A Happy That Can't Be Held Down
Last evening, after first desserts (because there were seconds), Finn and I headed outside for a game of pretend baseball. We have a "real" bat and a "real" ball (both made of some kind of foam-y material that only hurts bad, instead of emergency room bad, when Finn whacks me on the head with it), but Finn prefers this game of pretend pitching and pretend hitting. I think it's because he can hit the ball, bounce it off the moon, and catch it.
My child, the imaginative micromanager.
Before we got to the pretend baseball field (a stretch of sidewalk in front of somebody's house who I'm sure has issued the crazy on us), Finn got stalled in some butterfly giggles in our yard, giggles that stopped me in my tracks. And as anyone who knows me well can testify, I am a victim to my own momentum. I am Newton's first law incarnate. So to have a mere giggle stop me and turn me around. Well, you needed to hear that giggle.

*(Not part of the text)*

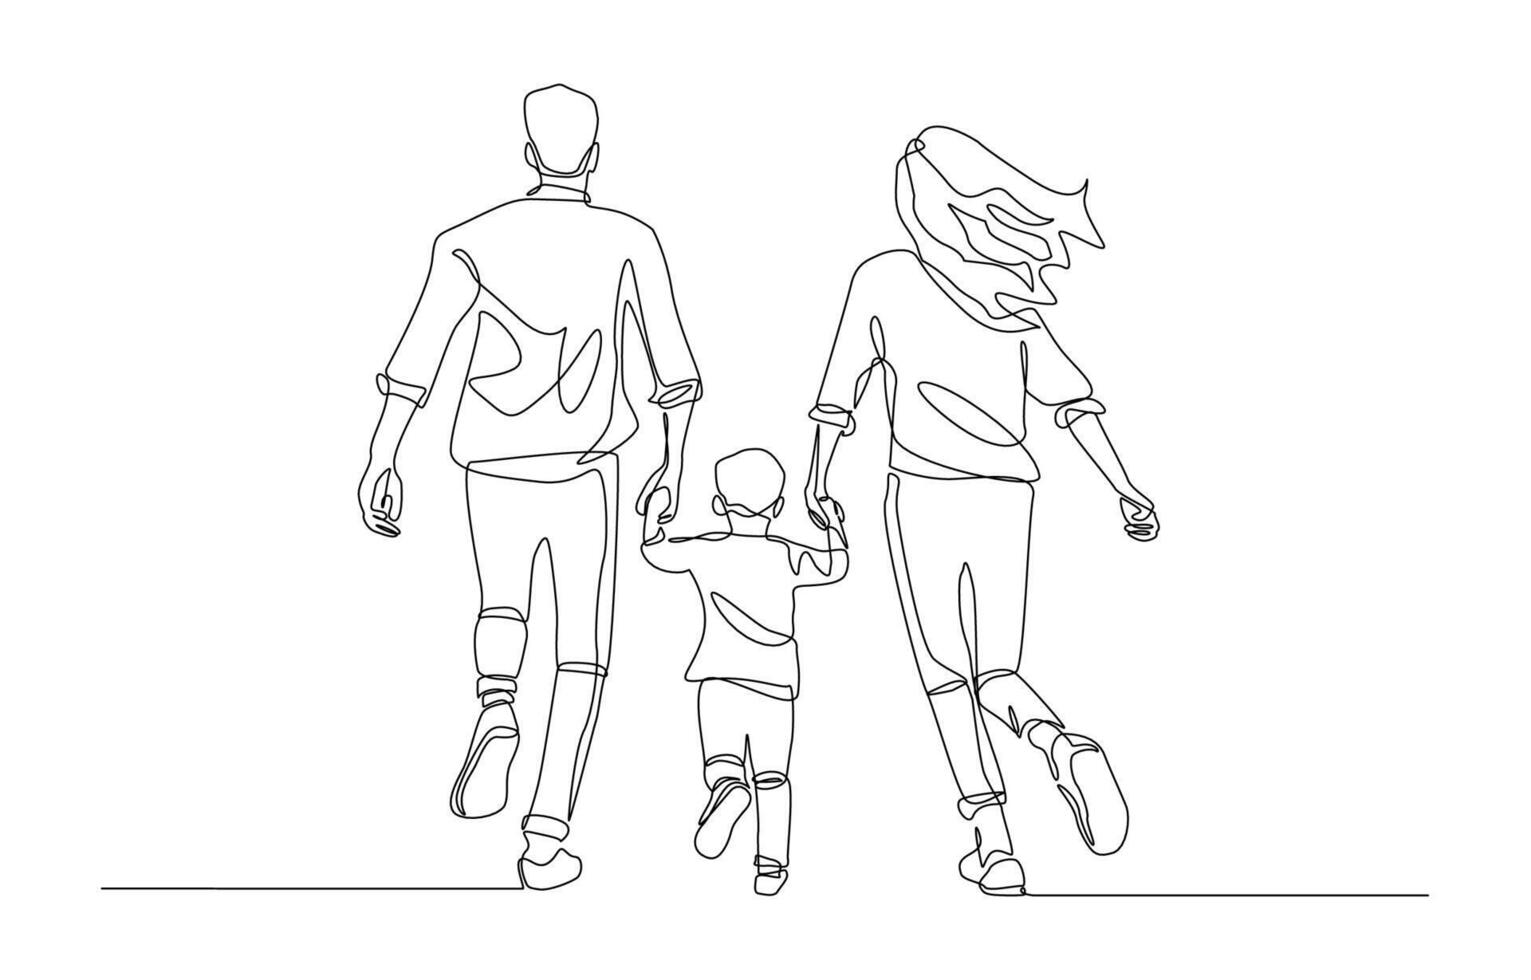 kontinuerlig ett linje teckning av föräldrar och barn innehav händer och löpning tillsammans, Lycklig familj begrepp, enda linje konst. vektor

It's hard to describe it without resorting to cliches: it was like tiny silver bells, it was like warmth and innocence and pure joy, it was unrestrained, unrehearsed, unexpected. It was as if he had been filled up with pure happiness and just a few drops planned a last minute escape over his edges, like champagne bubbles floating up and then skipping over the edges of an overpoured flute.
(I thought that analogy would go over better than the heady beer image I'm really thinking of.)